MIMO semantics: scalar ports vs vector-valued spaces. The current architecture decomposes MIMO systems into scalar ports. Vector structure emerges from parallel composition. This is sufficient for structural modeling but cannot express matrix structure (A, B, C, D) directly. The question is whether vector-valued spaces should become first-class citizens in the type system, or whether matrix extraction should be a post-processing tool operating on the scalar decomposition. See RQ1.

Timestep semantics across DSLs. The .loop() operator encodes structural recurrence but not scheduling semantics. StockFlow uses it for accumulation, Control uses it for observation feedback, OGS uses it for round iteration. These are semantically distinct even though structurally identical at the IR level. If a shared simulation harness is built, the meaning of a timestep must be formalized. See RQ2.

Canonical projection unification. GDS projects specifications to h = f . g. OGS will project to equilibrium structure. Stock-flow will project to system dynamics equations. Are these projections related by a natural transformation?
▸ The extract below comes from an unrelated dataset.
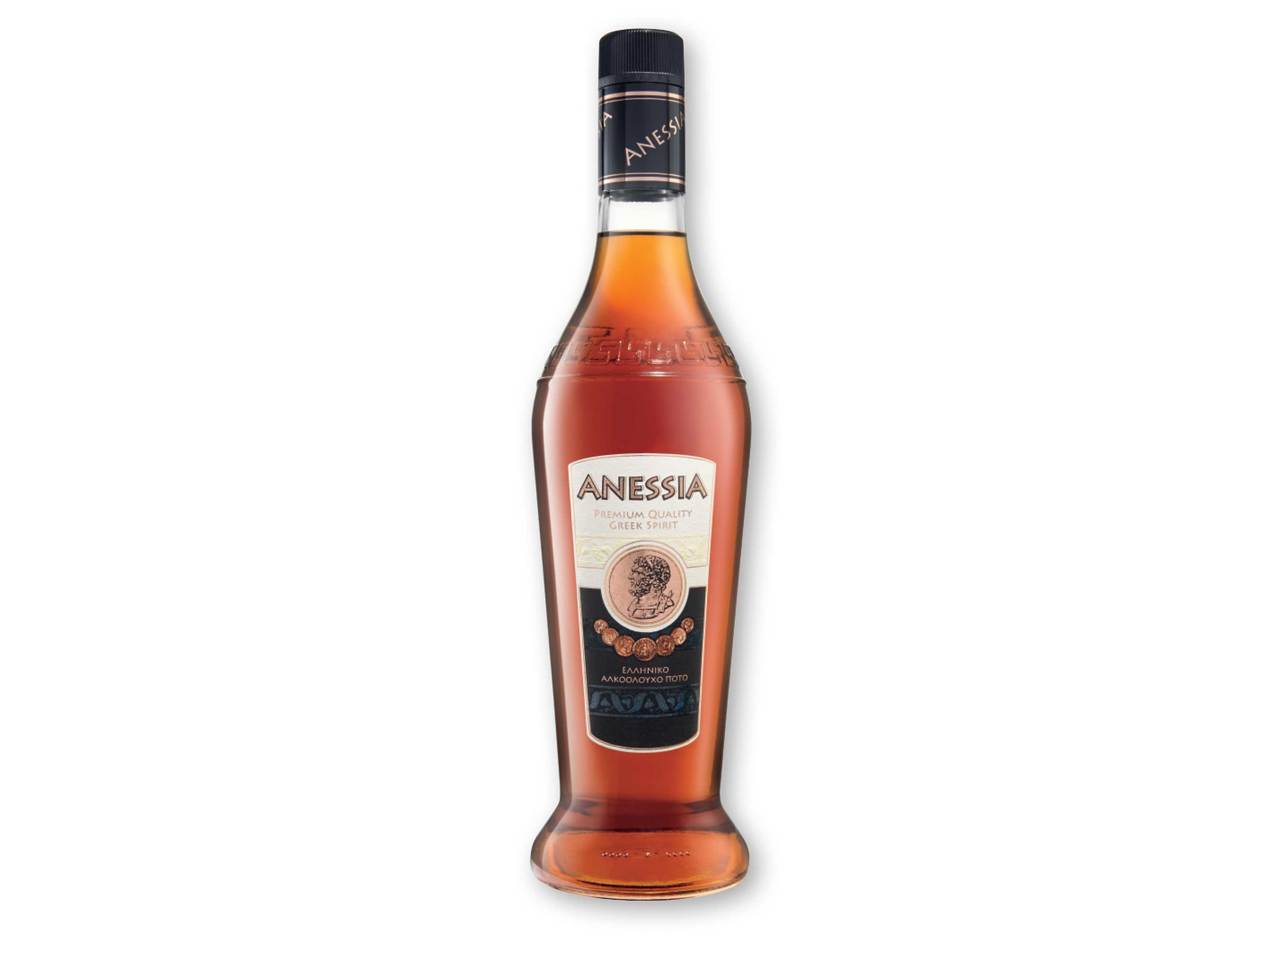 ANESSIA Premium Quality Greek Brandy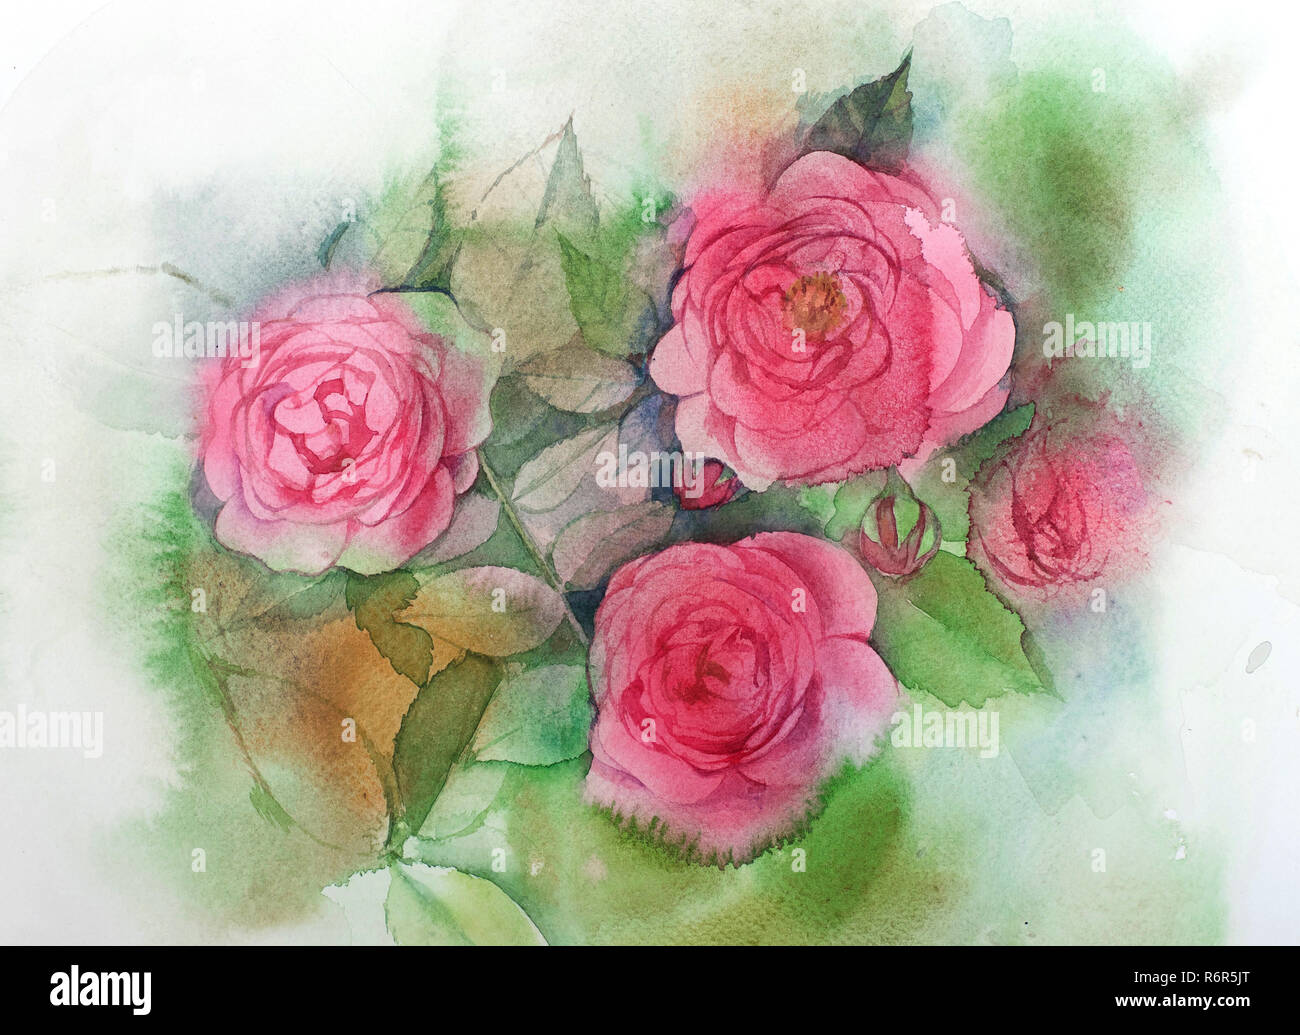 Đây là một tác phẩm tranh vẽ hoa hồng cực đẹp, nét vẽ rất lụa phải, những bông hoa được thể hiện cực kỳ chân thực. Tôi chắc chắn rằng khi bạn xem bức tranh này, bạn sẽ cảm thấy tràn đầy niềm yêu thương và sự tinh tế.

If the composition algebra is a free category and each semantic layer is a functor into its target category, then the canonical projections may be components of natural transformations between these functors. This would enable principled cross-domain translation.

Algebraic equivalence laws. What are the precise laws of the composition core? Candidates: - Associativity: (a >> b) >> c ≡ a >> (b >> c), (a | b) | c ≡ a | (b | c) - Identity: id >> a ≡ a ≡ a >> id - Interchange: (a >> b) | (c >> d) ≡ (a | c) >> (b | d) (when types align) - Feedback absorption: conditions under which .feedback() distributes over >>

Formalizing these laws enables equational reasoning about system structure — proving that two different compositions compute the same thing without running them.

Cross-domain semantic embeddings. Can a game-theoretic specification be faithfully embedded in the dynamical systems semantics? If an OGS pattern has a to_system_ir() projection, and GDS has project_canonical(), then composing them gives a path from game to dynamical system. Under what conditions is this faithful? When does it preserve equilibria?

Formal structural reasoning over SystemIR. SystemIR is a directed graph with typed edges. Standard graph-theoretic reasoning (reachability, cuts, flows) already applies — the generic verification checks use it. Can we go further? Model checking over SystemIR, automated invariant generation, compositional refinement proofs?